1. The big pair of questions that DIT seeks to answer is "how does work enter your life?" and "when do you accomplish it when it does?" It's crucial that this is only secondarily a planning system. It's much more a tracking system, that allows you to see your work all laid out before you. So, the system is not about taking some time to plan out your work for tomorrow, according to "what you think you can handle" on that day. Rather, it's about noticing when a new piece of work has entered your life, and rather than doing it then or ignoring it, writing it down immediately on your list for the next day. You don't need to plan based on what you think you can handle, because if you are not overcommitted, then the work that enters your life on a particular day must itself on average be able to be completed in a day, and therefore doesn't require planning. If you are overcommitted, then no planning in the world can fit more than one day's work into a day. So; become attentive to how work comes into your life (whether it be emails, things arriving in the mail, something breaking, something running out, noticing some small task you'd been meaning to get to), and always have your list for tomorrow close to hand, so that you can immediately jot it down for the next day.

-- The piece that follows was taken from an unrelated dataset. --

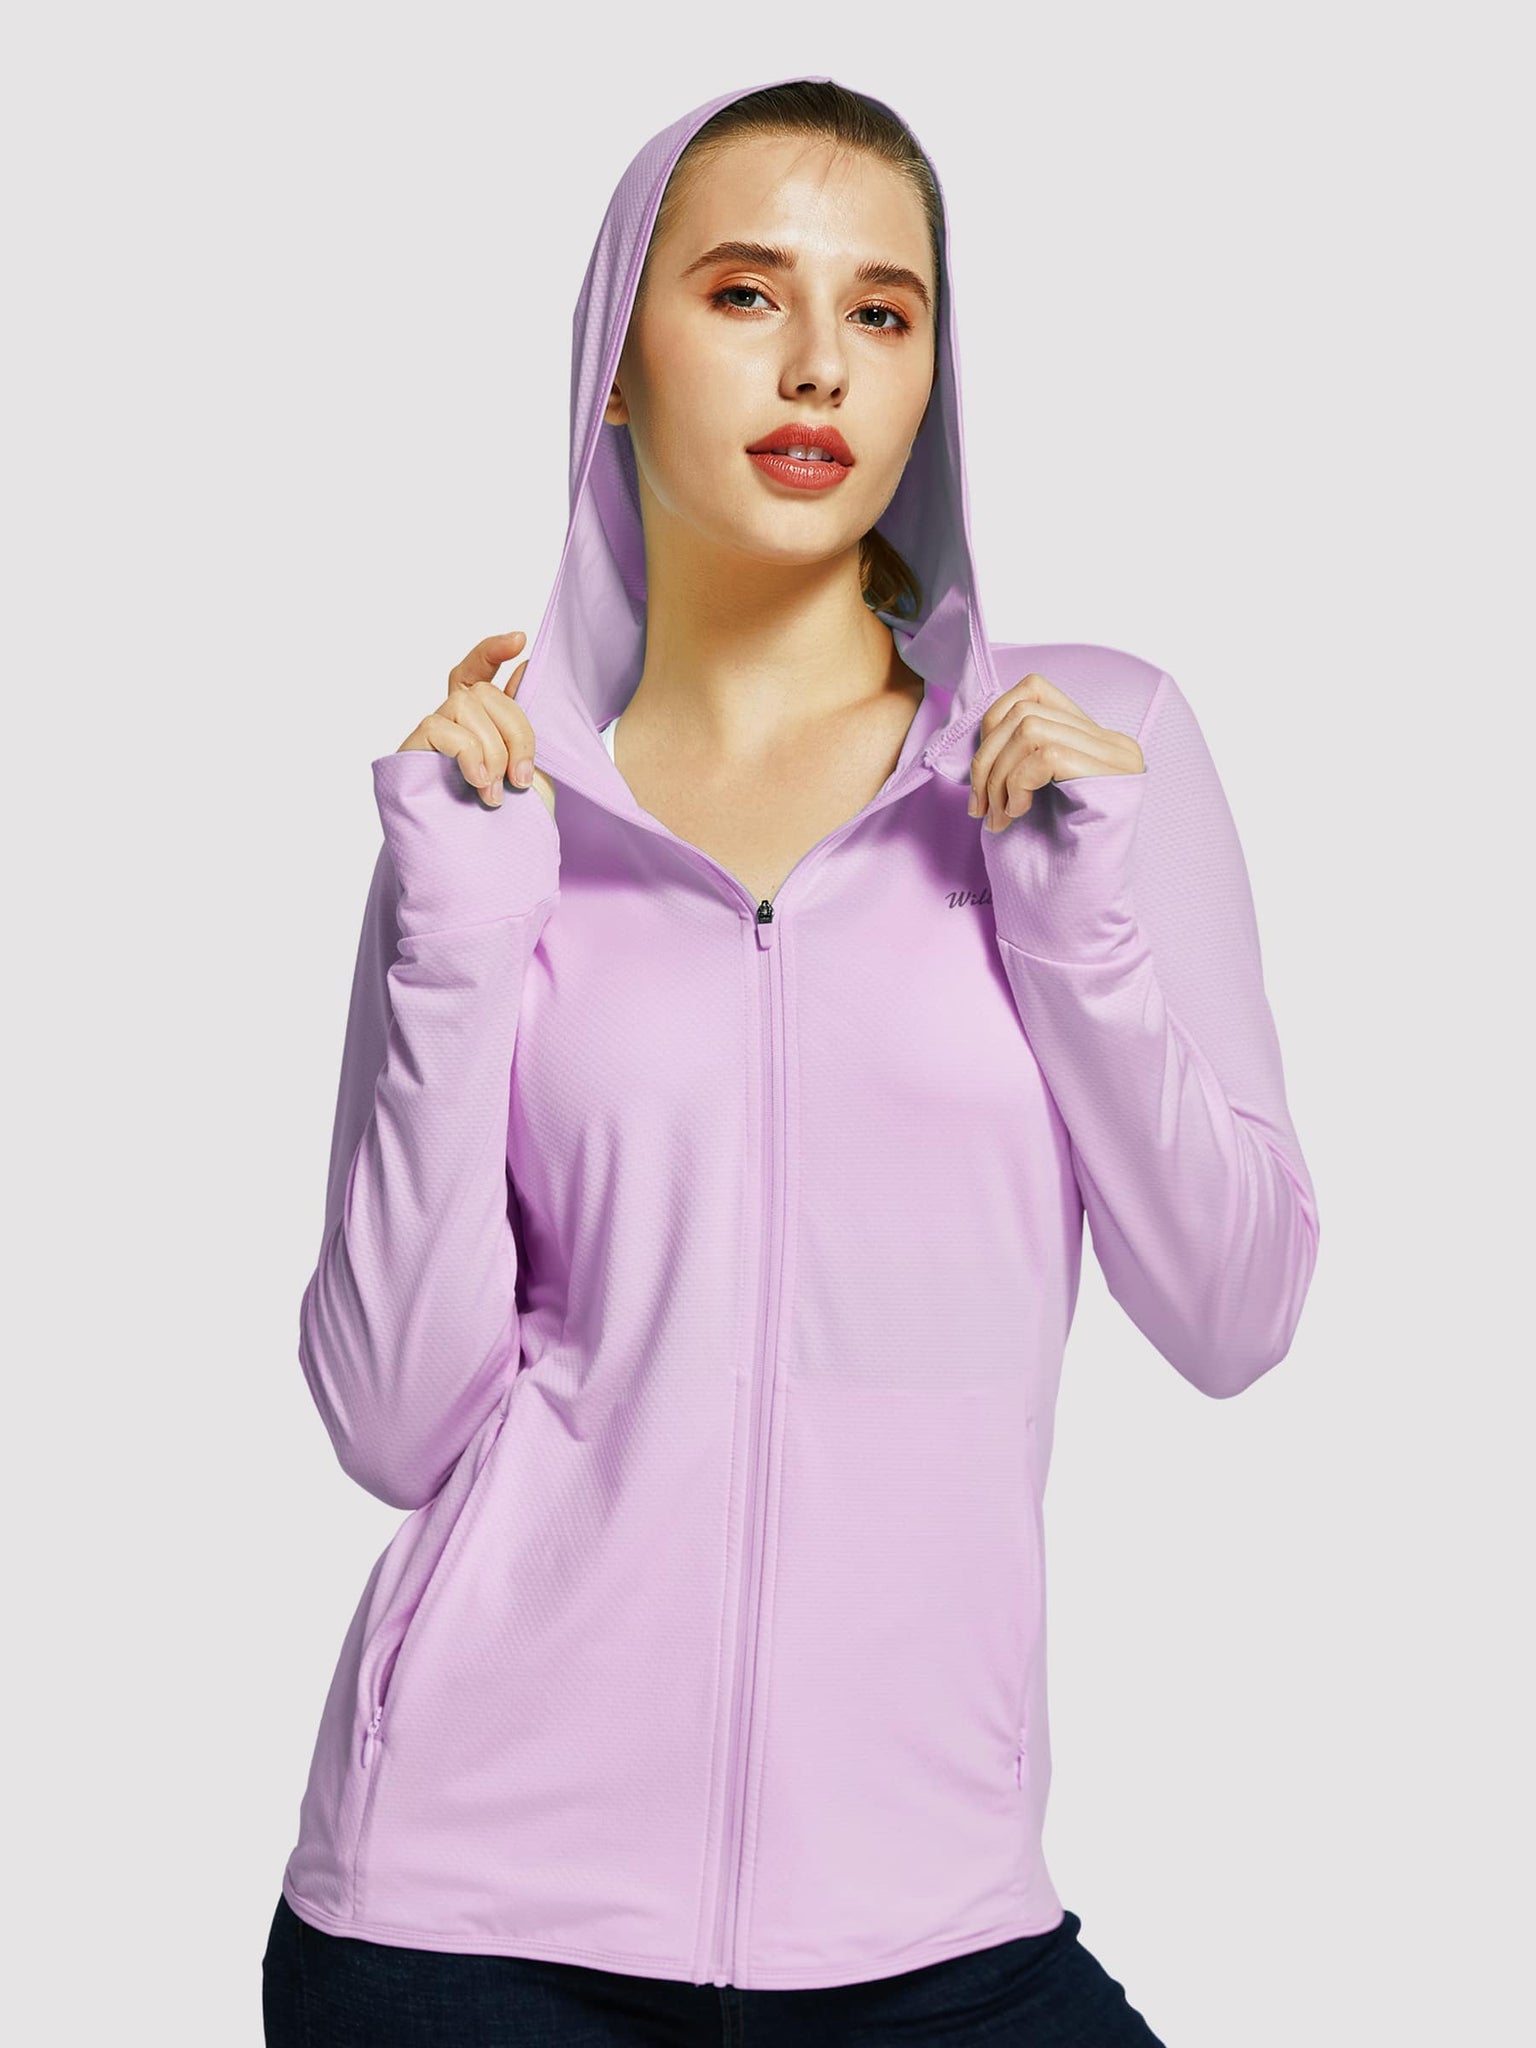 Willit Women's Outdoor Sun Protection Jacket Full Zip_Purple_model2

2. You need to get addicted to checking things off the list. This means that lots of small tasks is far superior to a few big tasks. Break projects into steps and write them in individually. Spread work out over days whenever possible. Make tasks small enough that you don't experience mental resistance to doing them, and you still get a hit of accomplishment when they're done.
3. This is related to the last; make sure that list items have a completely unambiguous binary divide between completed and not-completed. You want to avoid the feeling of "should I keep working on this/return to working on that to get a little more done?" This kind of questioning disturbs one's inner peace tremendously. When a task is done, it is done, even if the task was just "start doing X" (a technique I use a lot). Do your damnedest to avoid large projects that must be completed quickly, which encourage this kind of background stress and "bleed-over" work.
4. Also related to (2): don't set aside "special days" to accomplish big tasks, at the expense of other things. This is sometimes unavoidable (e.g. just yesterday had to drive all day to pick up my sisters-in-law from the airport), but in general, try to treat each day as fundamentally similar to each other day; full of a wide variety of small tasks. "Special days" for doing things like cleaning the whole house, or stacking wood, or writing a whole essay, or building a chicken coop, first of all tend to disrupt the rhythms of other work, but also have a great deal of mental resistance associated with them -- it's hard to plan them, and hard to get those days started. Mileage may vary on this one, depending on personality, but I find that actually making those big days happen, as efficiently as I was hoping, is a rare and difficult occurrence, and I get far more accomplished doing a little bit of those tasks at a time instead.
A few things that popped into my head; I'm sure there will be more.